**What is needed:**
No pictures belong in the copy. Set down exactly the lines from the one that contains "Primitive Side Table" through the end of the data.

**Data in this exercise:**
■ ■ ■ ■ ■ ■ ■

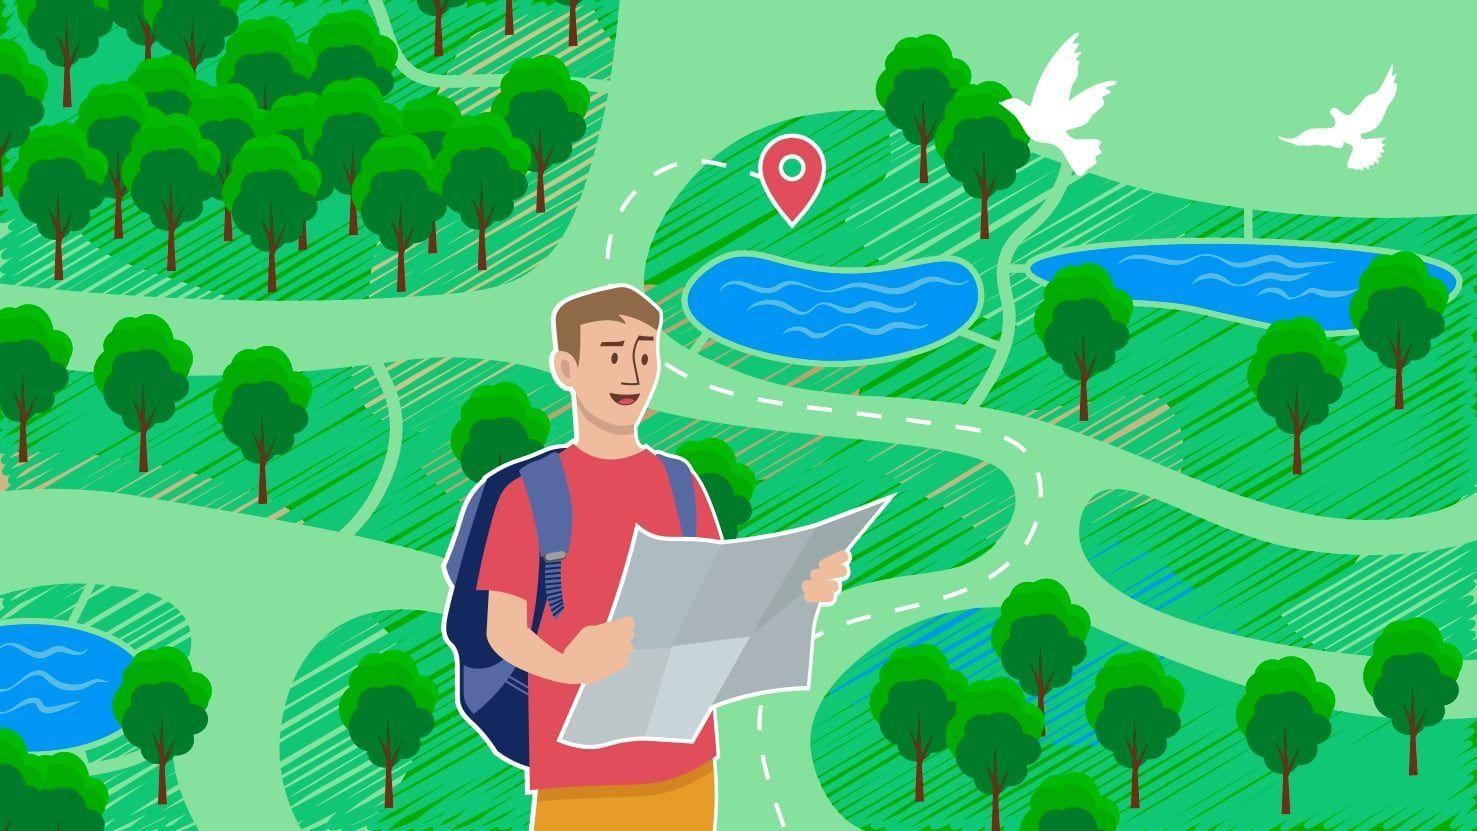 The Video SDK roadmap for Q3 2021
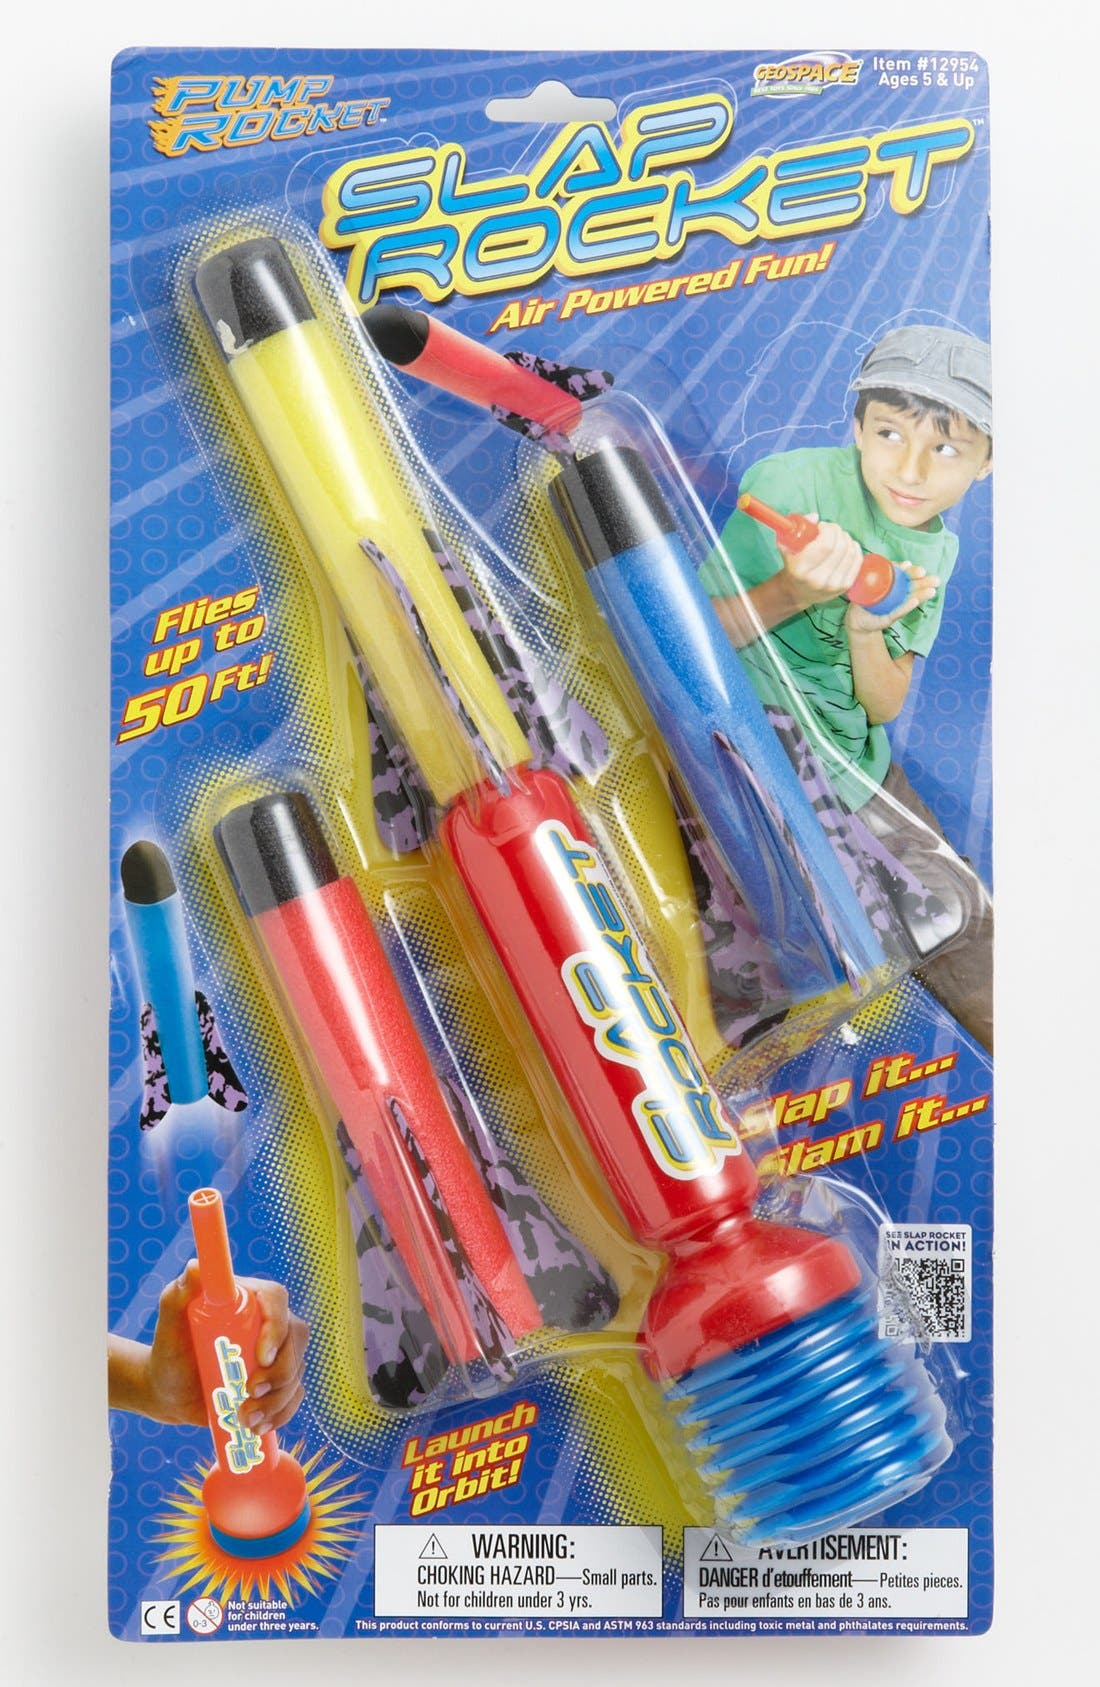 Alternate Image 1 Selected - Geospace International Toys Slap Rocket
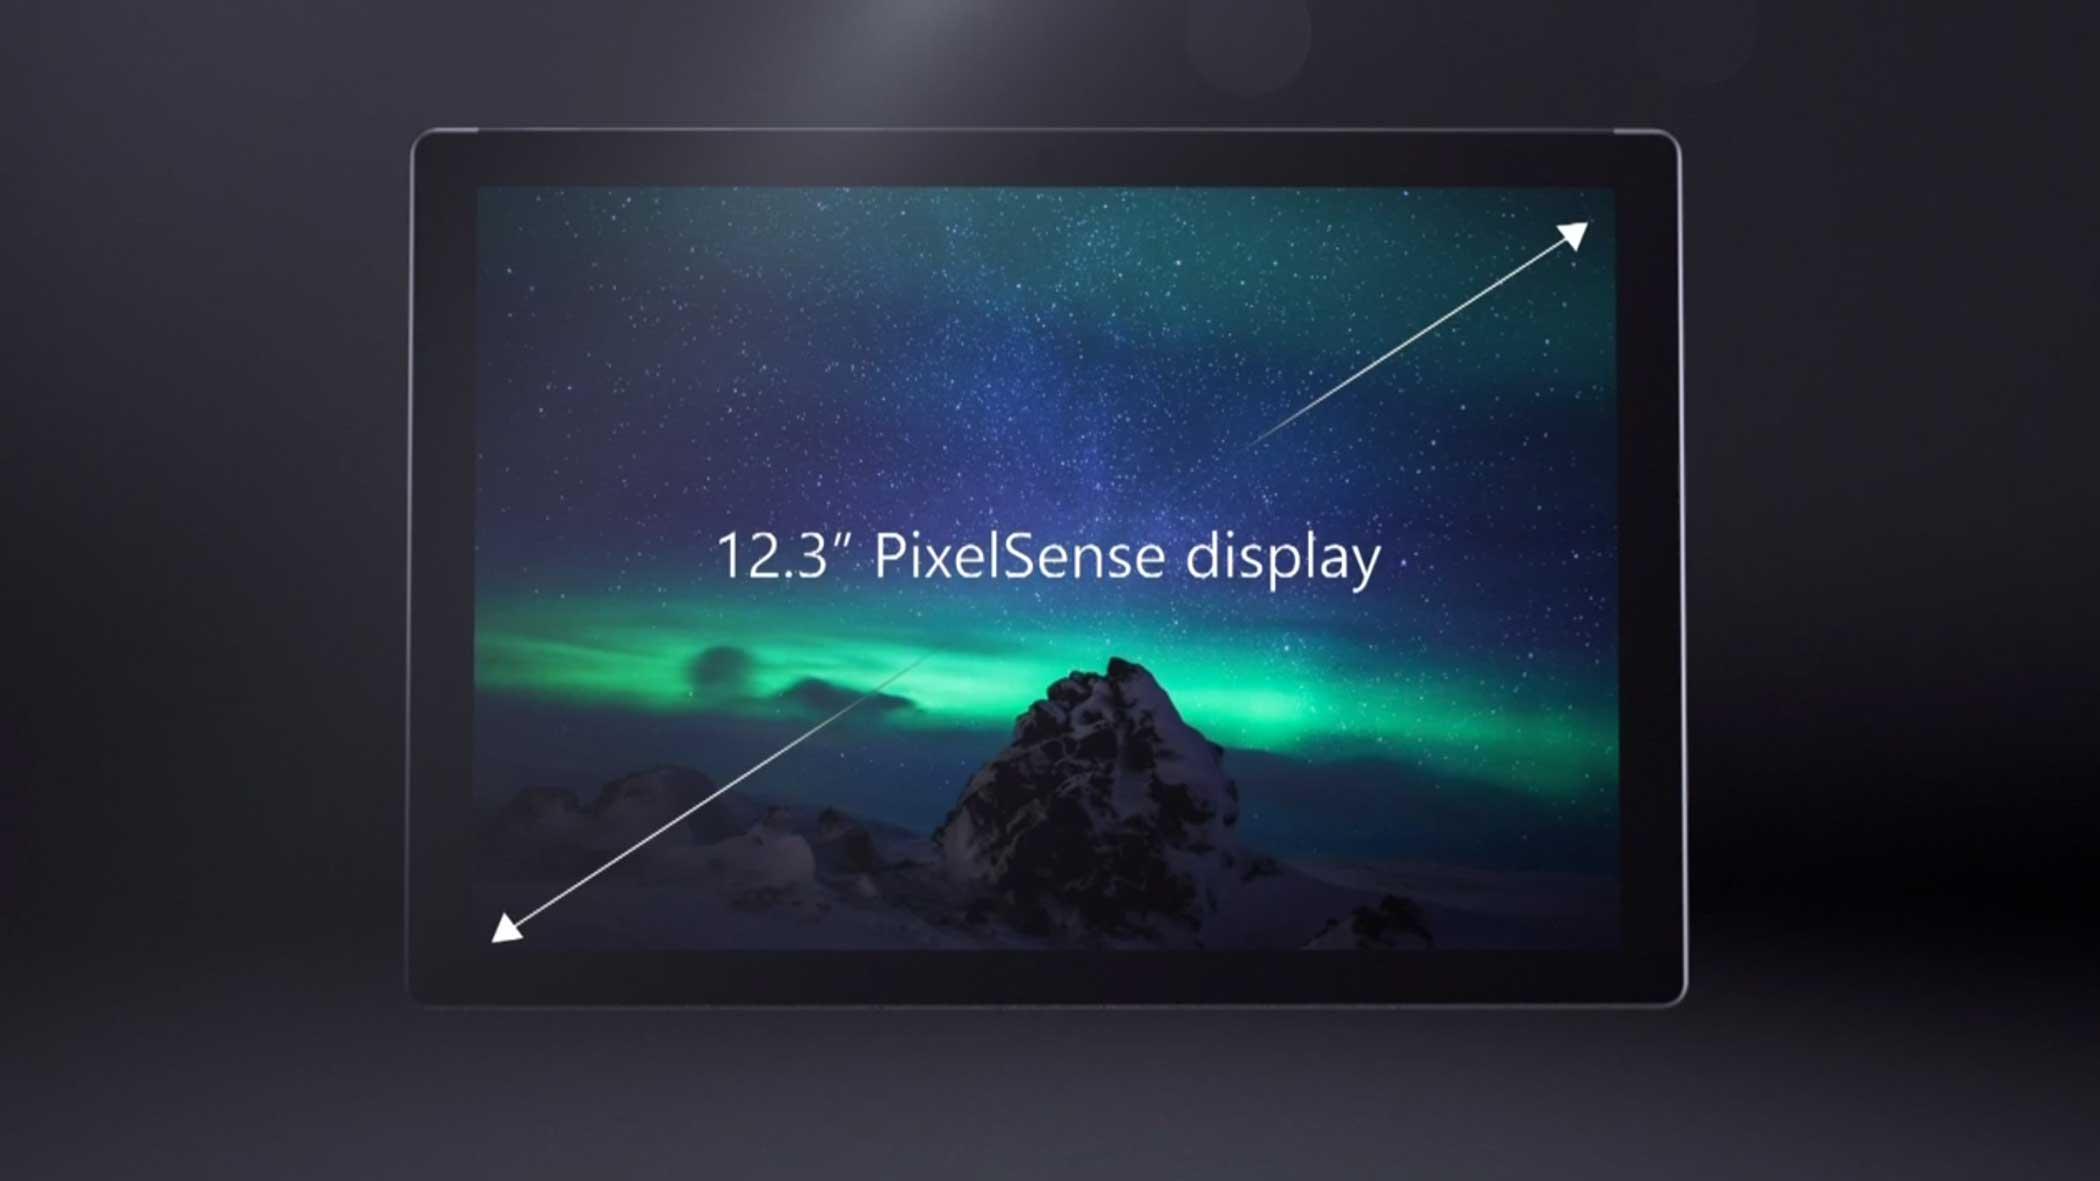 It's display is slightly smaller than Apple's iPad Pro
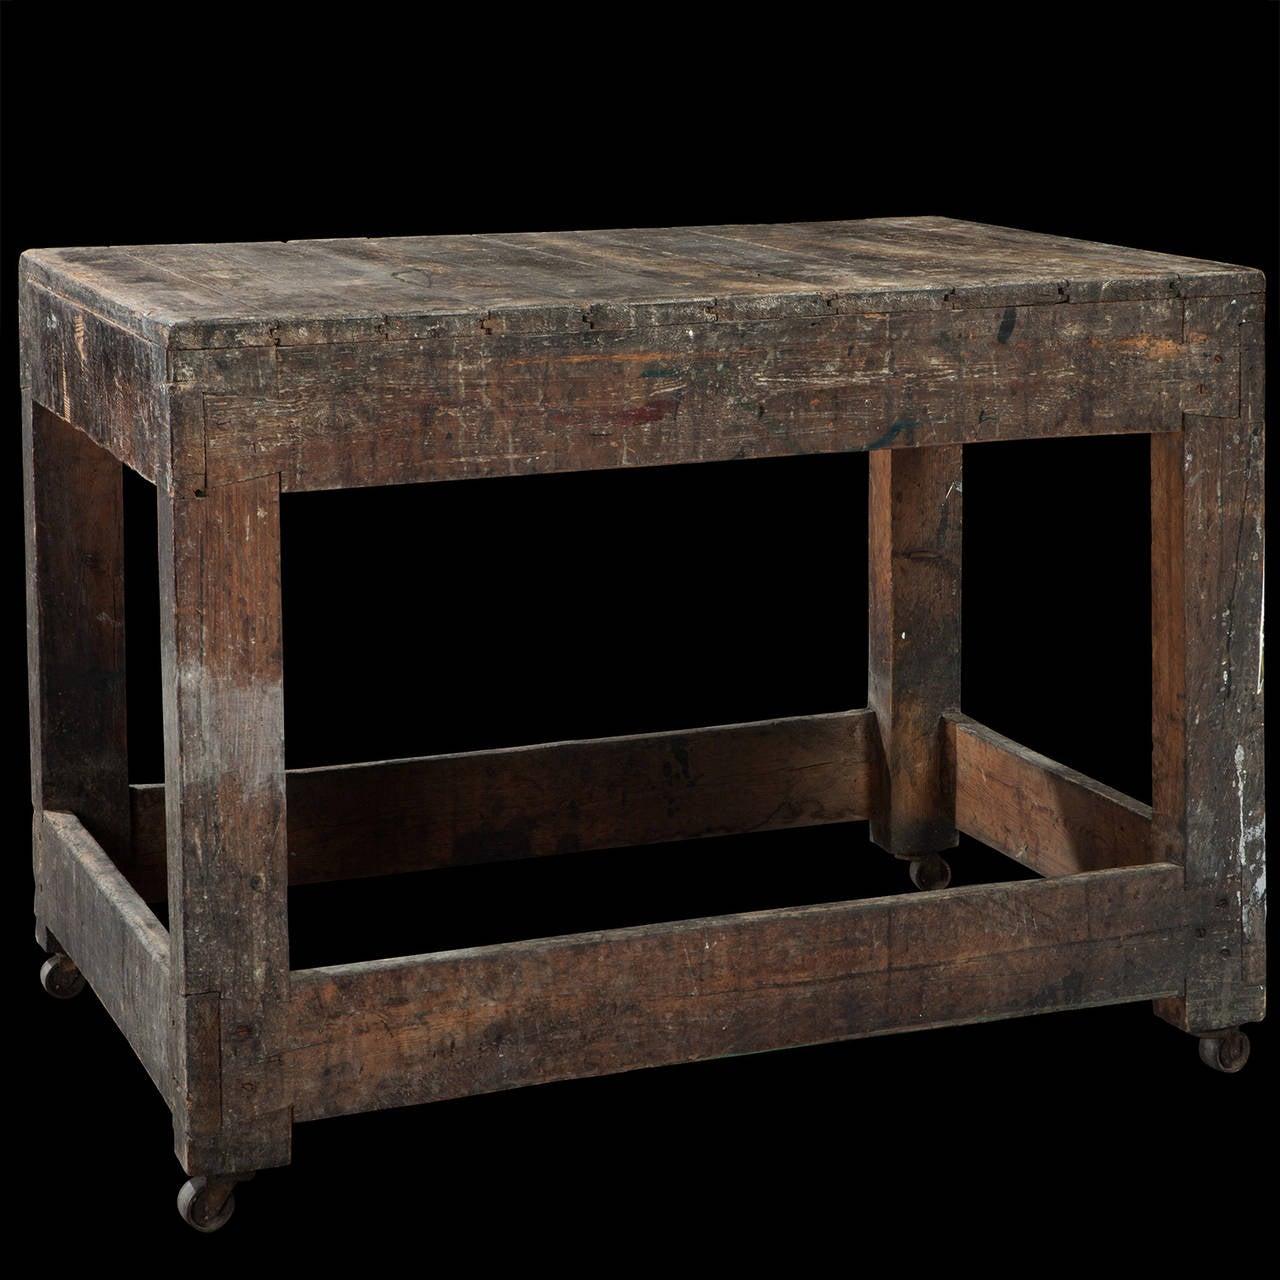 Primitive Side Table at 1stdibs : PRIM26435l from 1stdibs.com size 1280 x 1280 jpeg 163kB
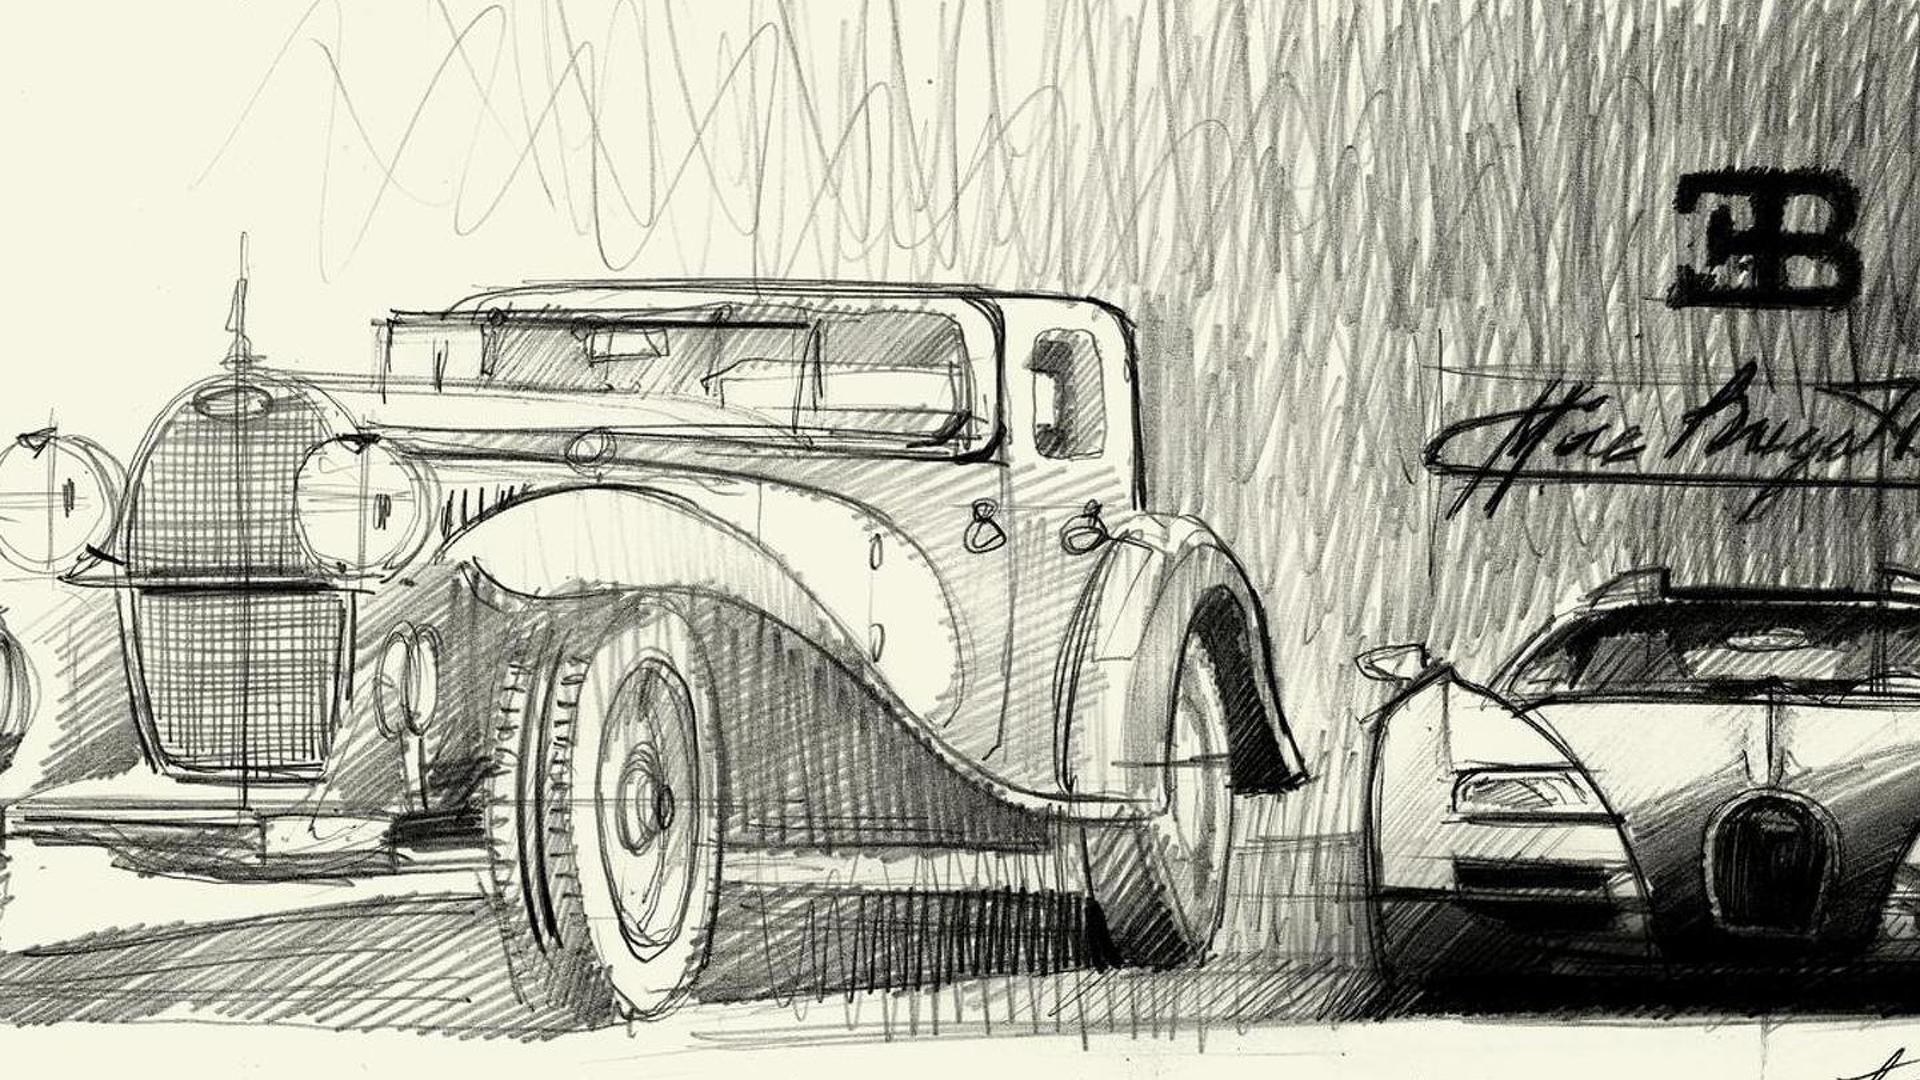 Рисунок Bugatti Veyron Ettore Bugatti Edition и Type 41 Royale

■ ■ ■ ■ ■ ■ ■

**Result of this exercise:**
 Primitive Side Table at 1stdibs : PRIM26435l from 1stdibs.com size 1280 x 1280 jpeg 163kB
 Рисунок Bugatti Veyron Ettore Bugatti Edition и Type 41 Royale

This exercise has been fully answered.